Y, siempre, ha sobrado pan, que tiene la peculiar costumbre de ponerse
duro. Tirar el pan siempre ha sido una cosa muy mal vista; no hace
tanto tiempo, cuando a alguien se la caía un trozo de pan
al suelo lo recogía y lo besaba. Son costumbres que ratifican
esa identificación de pan con comida. Por supuesto, la utilización
del pan pasado, duro, lo que hoy llamaríamos su "reciclaje"
es, también, vieja como el propio pan. Todas las cocinas
están llenas de platos cuya base es el pan de, al menos,
el día anterior. Platos salados... y platos dulces.
En España -y, con otros nombres,
en muchos países- tal vez la más popular de las creaciones
dulces con pan de días sean las torrijas, que en Semana Santa
son obligadas en el desayuno en Madrid. Son parientes del "pain
perdu" francés, de las "french toast" estadounidenses,
de los "poor knights of Windsor" ingleses y, por supuesto,
de las torrejas mexicanas. No es más, como decimos, que una
dulce forma de aprovechar un pan pasado de fecha, duro. Pero es
un aprovechamiento delicioso... si se hace con honradez y con cierta
sabiduría. Vamos a ver alguna fórmula, partiendo siempre
de una barra de pan, del tipo francés, de al menos un día
o dos antes, que se corta en rebanadas de entre dos y tres centímetros
de grosor.
La primera, la más clásica.
Pongan a cocer en un cazo medio litro de leche con cien gramos de
azúcar y una vaina de vainilla. En cuanto hierva, retírenla
del fuego y déjenla en infusión unos minutos. Una
vez haya enfriado, mojen ahí las rebanadas de pan, empapándolas
bien; pásenlas por huevo batido y fríanlas en aceite
bien caliente hasta que tomen color dorado. Finalmente, escúrranlas
muy bien y espolvoréenlas con azúcar vainillada. Otra
versión muy popular es la que utiliza el vino como elemento
empapante. También lo pondremos a calentar, con azúcar
y un palo de canela, hasta que el azúcar se disuelva bien.

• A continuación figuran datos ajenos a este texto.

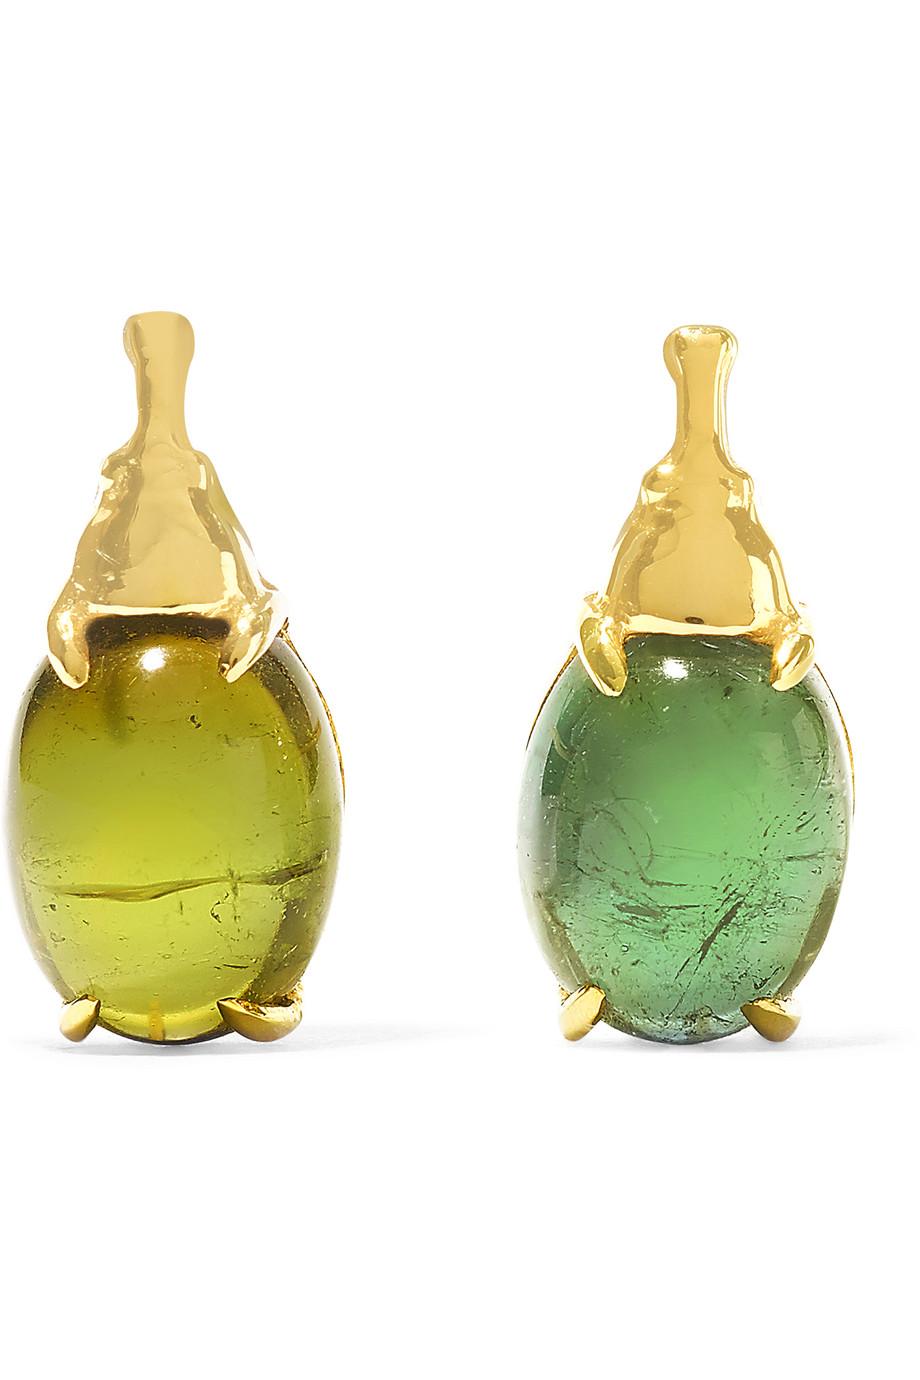 Nefertiti 18-Karat Gold Tourmaline Earrings, Daniela Villegas, Gold/Light Green, Women's

Lo dejaremos enfriar y bañaremos en él las rebanadas
de pan. A partir de ahí, igual que antes: pasarlas por huevo
batido, freírlas, escurrirlas y, en este caso, espolvorearlas
con azúcar y canela.
Vamos con una tercera receta, ésta
más sofisticada. Preparen unas torrijas con leche como hemos
explicado más arriba, pero sin espolvorearlas con nada. Hagan
una crema con tres yemas, cuatro cucharadas de azúcar y cuarto
litro de leche, que batirán bien en frío y cuajarán
a fuego suave. Pongan las torrijas en una fuente de horno y cúbranlas
con esa crema. Finalmente, monten las claras a punto de nieve con
un poquito de azúcar en polvo vainillado, adornen con ese
merengue las torrijas y métanlas al horno hasta que el merengue
se dore. Realmente deliciosas. Como pueden ver, el toque final de
las torrijas admite toda la creatividad del mundo; busquen ustedes
su propia fórmula. Pero recuerden que la calidad del pan
es fundamental, que las torrijas no deben quedar ni excesivamente
blandas ni duras, justamente esponjosas, y que no deben conservar
ni una gota del aceite en el que se frieron. Como casi todo en cocina,
cuestión de práctica o, como dicen los cocineros,
de "mano".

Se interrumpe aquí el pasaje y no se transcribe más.